How to Use the Local Group Policy Editor to Turn Network Connectivity On or Off in Modern Standby

Alternatively, those on Windows 10 Pro or Enterprise can modify the setting via the Group Policy editor. This may result in changes the persist better through updates compared to previous methods.

  1. Open the Local Group Policy Editor

    Press “Start” then type “gpedit”. Click the first result, labeled “Edit group policy”.

  2. Navigate to “Sleep Settings” and double-click the Connected Standby options

    You can find Sleep Settings at “Computer Configuration > Administrative Templates > System > Power Management > Sleep Settings”. Double-click the entries labeled “Allow connectivity during connected-standby (on battery)” and “Allow network connectivity during connected-standby (plugged in)” to edit them.

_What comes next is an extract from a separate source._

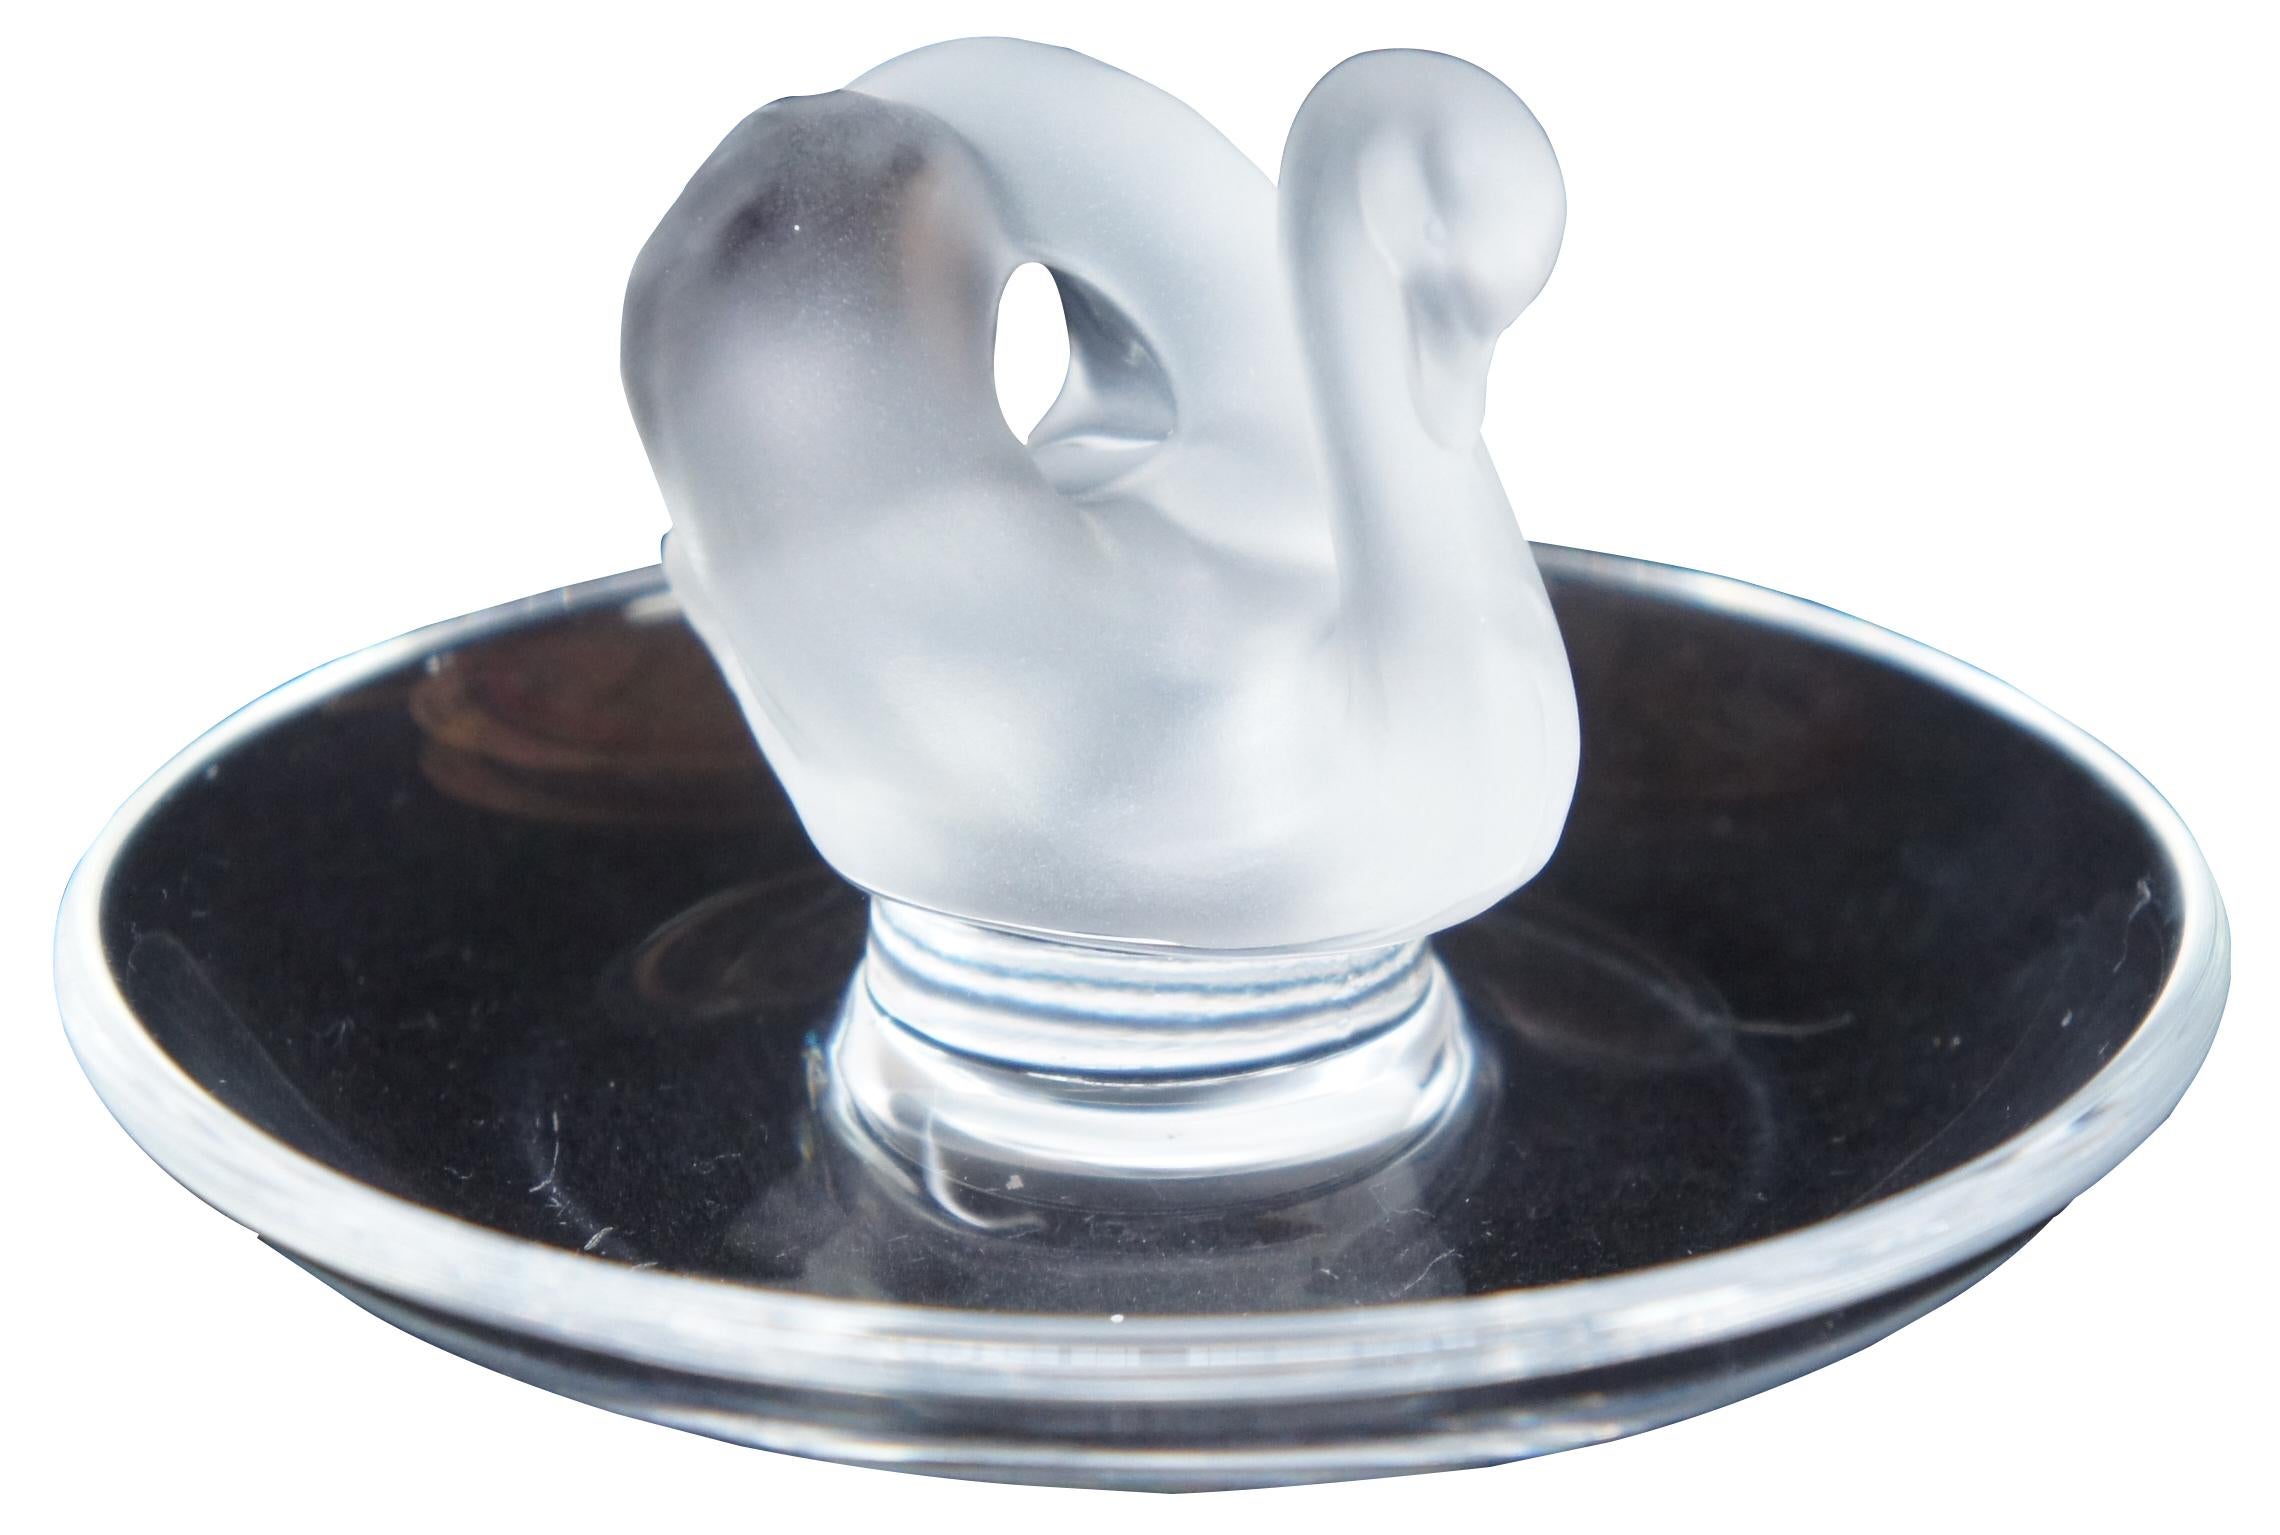 Vintage Lalique French crystal ring holder dish with frosted glass swan centerpiece. Measure: 4

  3. Turn the network connectivity option on or off

    For each policy, choose one of the following three options to suit your preferences:

    Enabled: Windows will always stay connected to the network when the laptop/tablet is asleep and on battery power.
    Disabled: When the PC is asleep on battery power, Windows will always disconnect it from the network.
    Not Configured: Follows the system’s Windows settings.

How to Turn Standby Network Activity On or Off via Regedit

If you have Windows 10 Home, you can achieve the same effect as the Group Policy Editor with a couple of careful registry tweaks. Just make you read our safe registry editing guide first.

  1. Open registry editor

    Press “Start” and type “regedit”, clicking the first search result.

  2. Navigate to the Power Settings Registry key and create two DWORDs

    You can find the relevant power settings key at Computer\HKEY_LOCAL_MACHINE\SOFTWARE\Policies\Microsoft\Power\PowerSettings\f15576e8-98b7-4186-b944-eafa664402d9.

    Once there, you’ll see two DWORDs, “ACSettingIndex” (plugged in) and “DCSettingIndex” (on battery). If you don’t see these DWORDs, it’s likely your chipset doesn’t support Modern Standby. If they’re not there but you’re 100% sure your device supports the feature, you can right-click any space and choose “New > DWORD (32-bit)”, naming them exactly as above.

  3. Modify the value data for both DWORDS to turn Modern Standby Network Connectivity on or off

    Double-click each DWORD and change the “Value data” to one of the following options:

    0: Disabled
    1: Enabled
    Delete key: Not configured

    Once you’re done with each, press “OK”.